Supplied data:
========================================================================
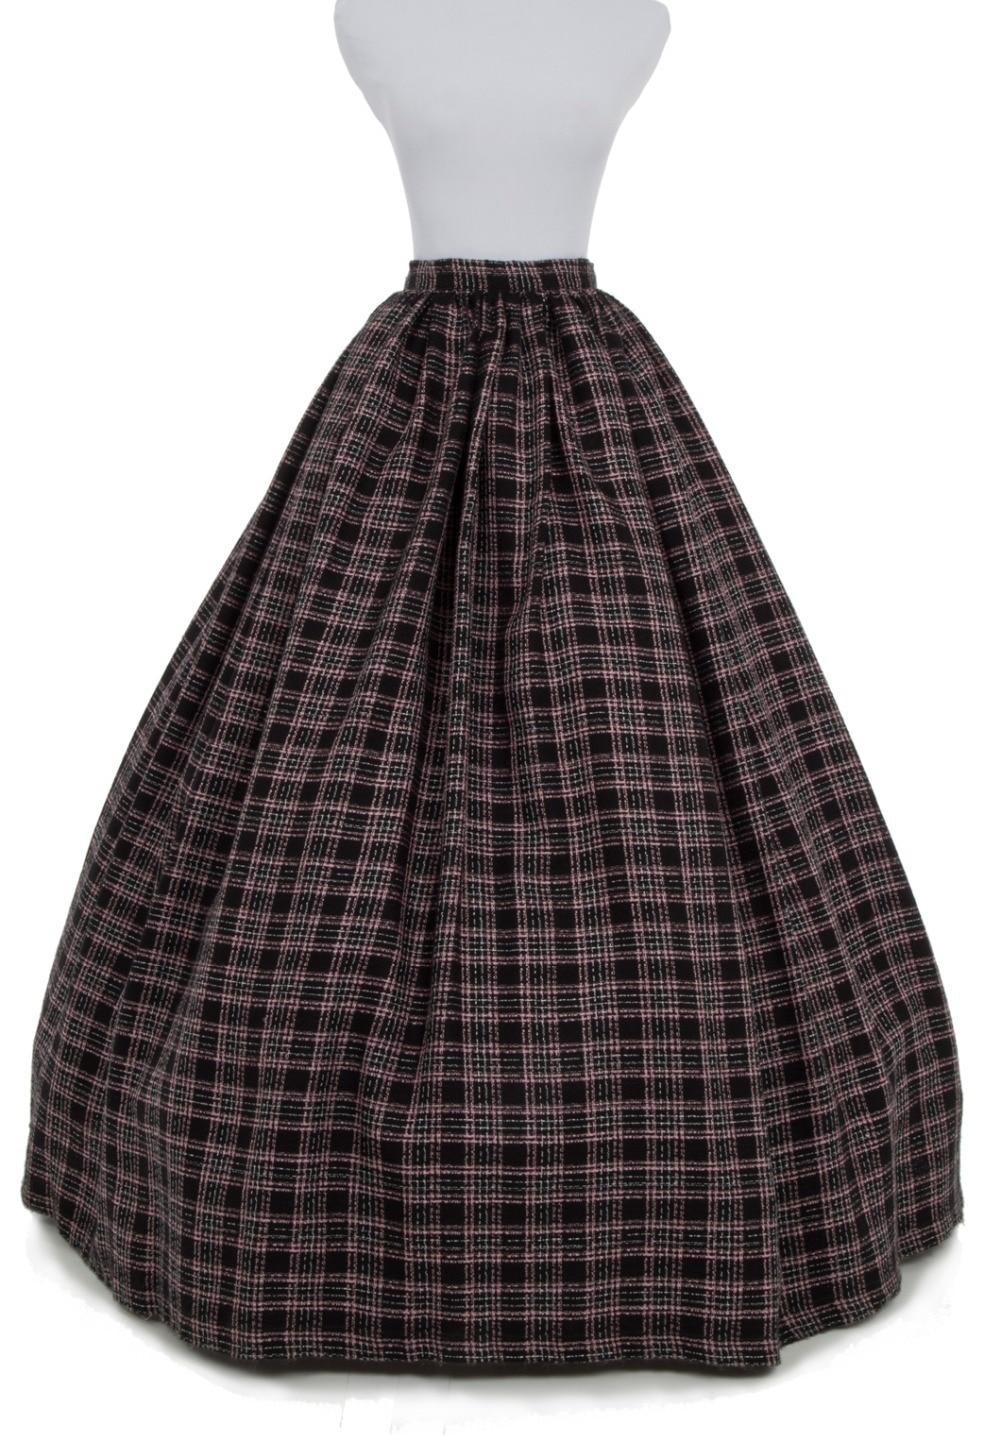 Aliexpress.com : Buy Plaid Fashion Microfiber Wool Floor Length ...
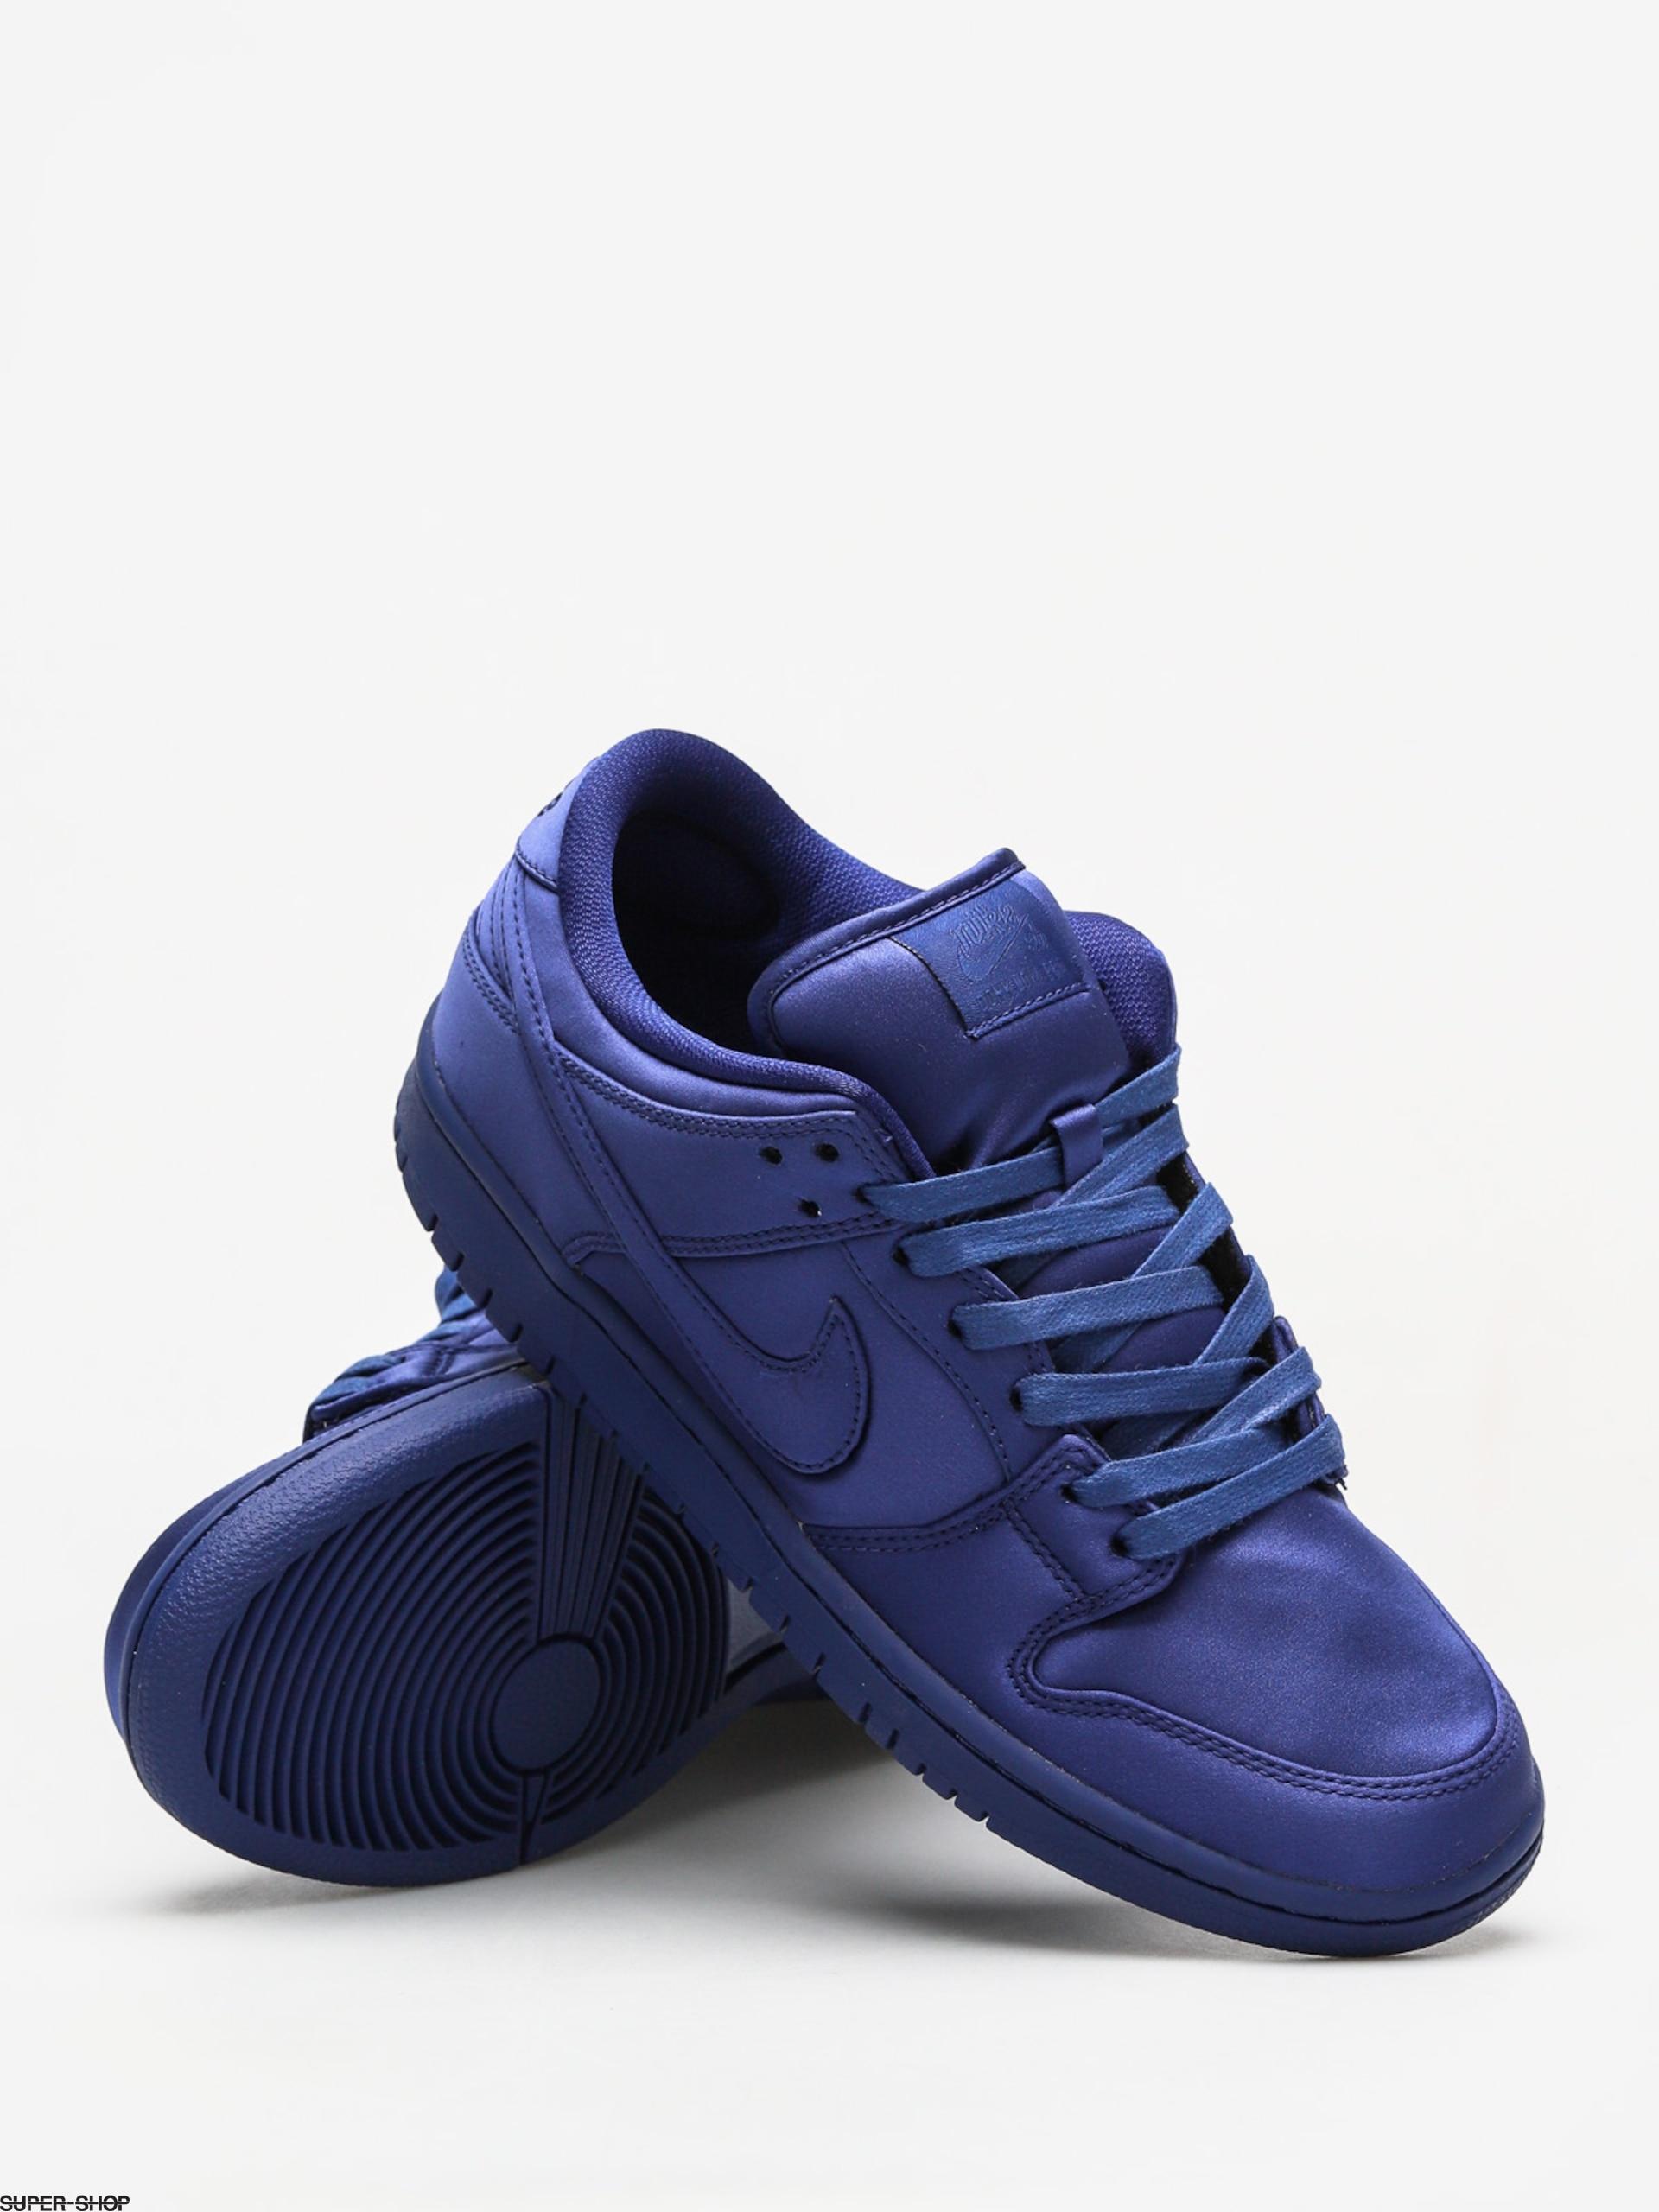 separation shoes 63b56 d05c2 Nike SB Sb Dunk Low TRD NBA Shoes (deep royal blue/deep royal blue)
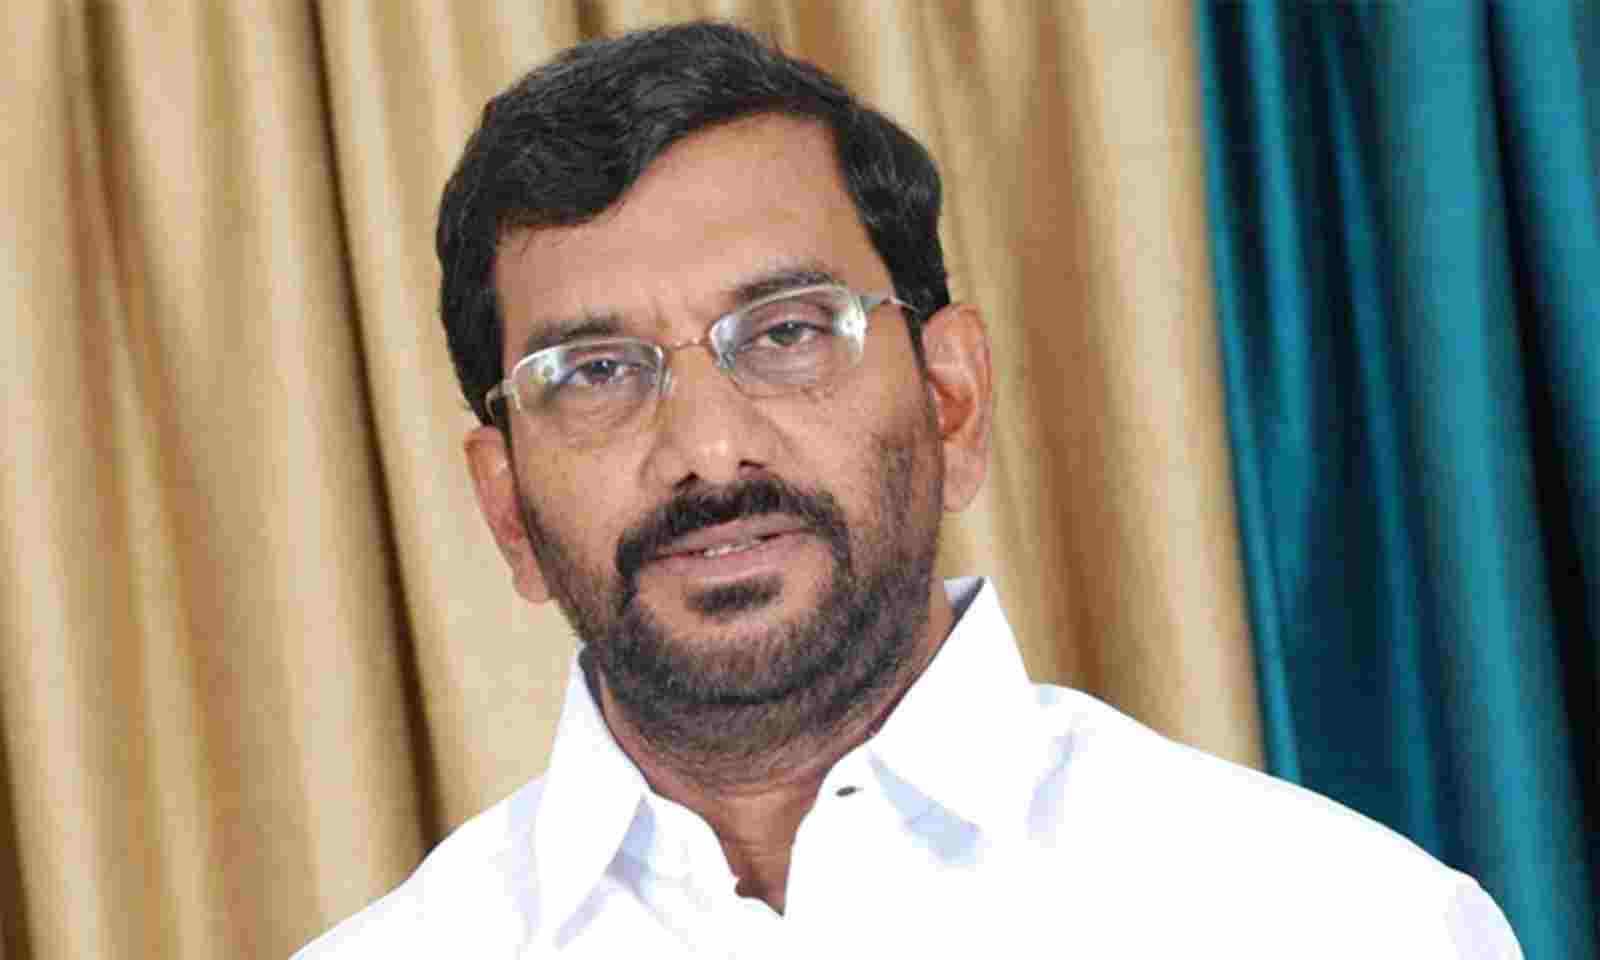 TDP leader Somireddy Chandramohan Reddy hails Supreme Court's remark on SC/ST quota
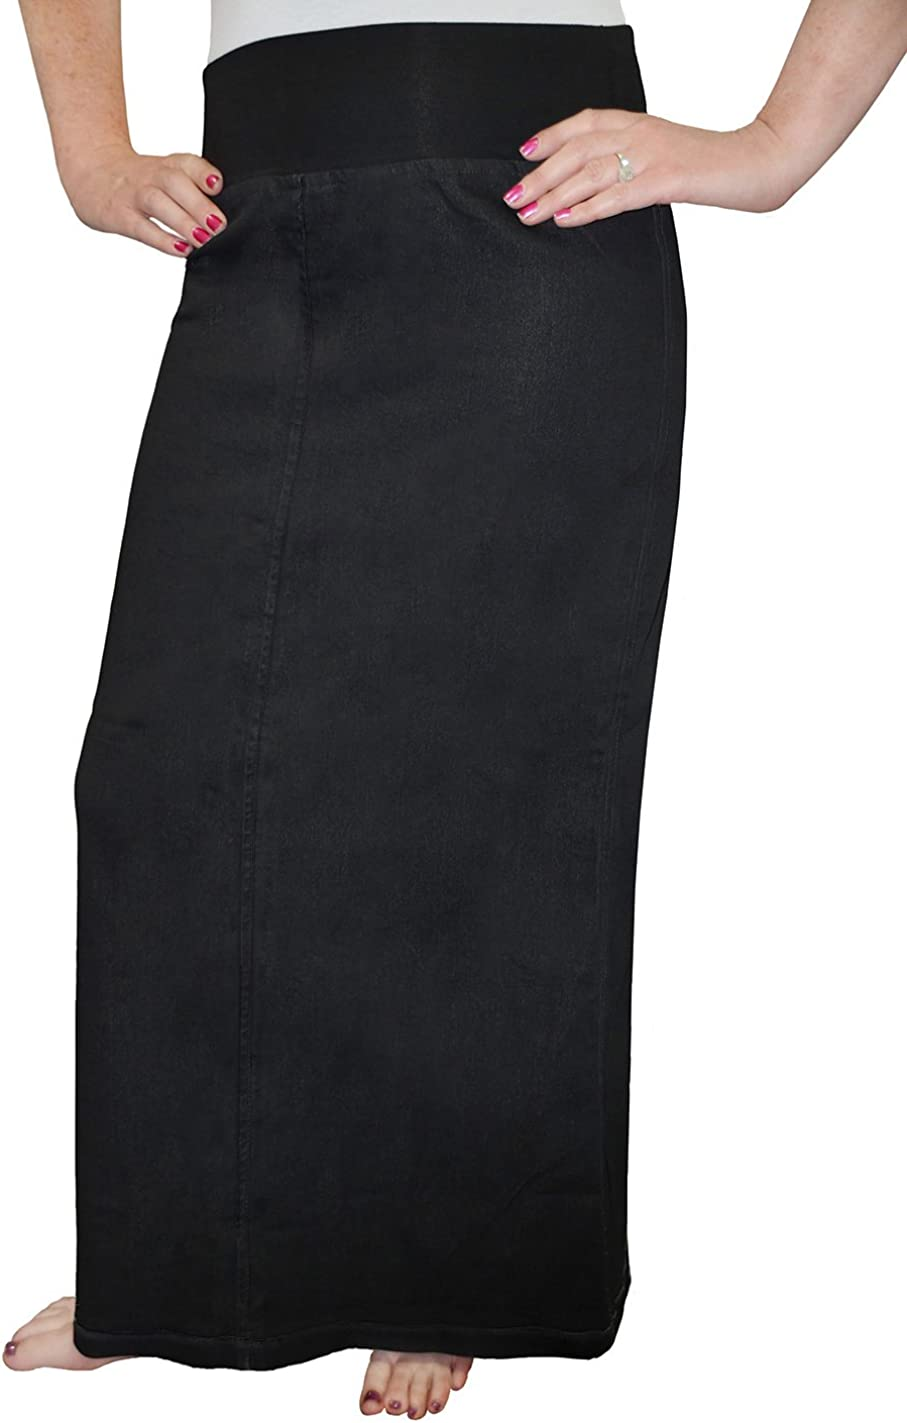 Kosher Casual Women's Modest Straight Maxi Length Denim Skirt Stretch Waistband No Slits
========================================================================
What the task requires: Apart from the pictures, all of the data should be repeated exactly.

Exercise solution:
 Aliexpress.com : Buy Plaid Fashion Microfiber Wool Floor Length ...
 separation shoes 63b56 d05c2 Nike SB Sb Dunk Low TRD NBA Shoes (deep royal blue/deep royal blue)
 TDP leader Somireddy Chandramohan Reddy hails Supreme Court's remark on SC/ST quota
 Kosher Casual Women's Modest Straight Maxi Length Denim Skirt Stretch Waistband No Slits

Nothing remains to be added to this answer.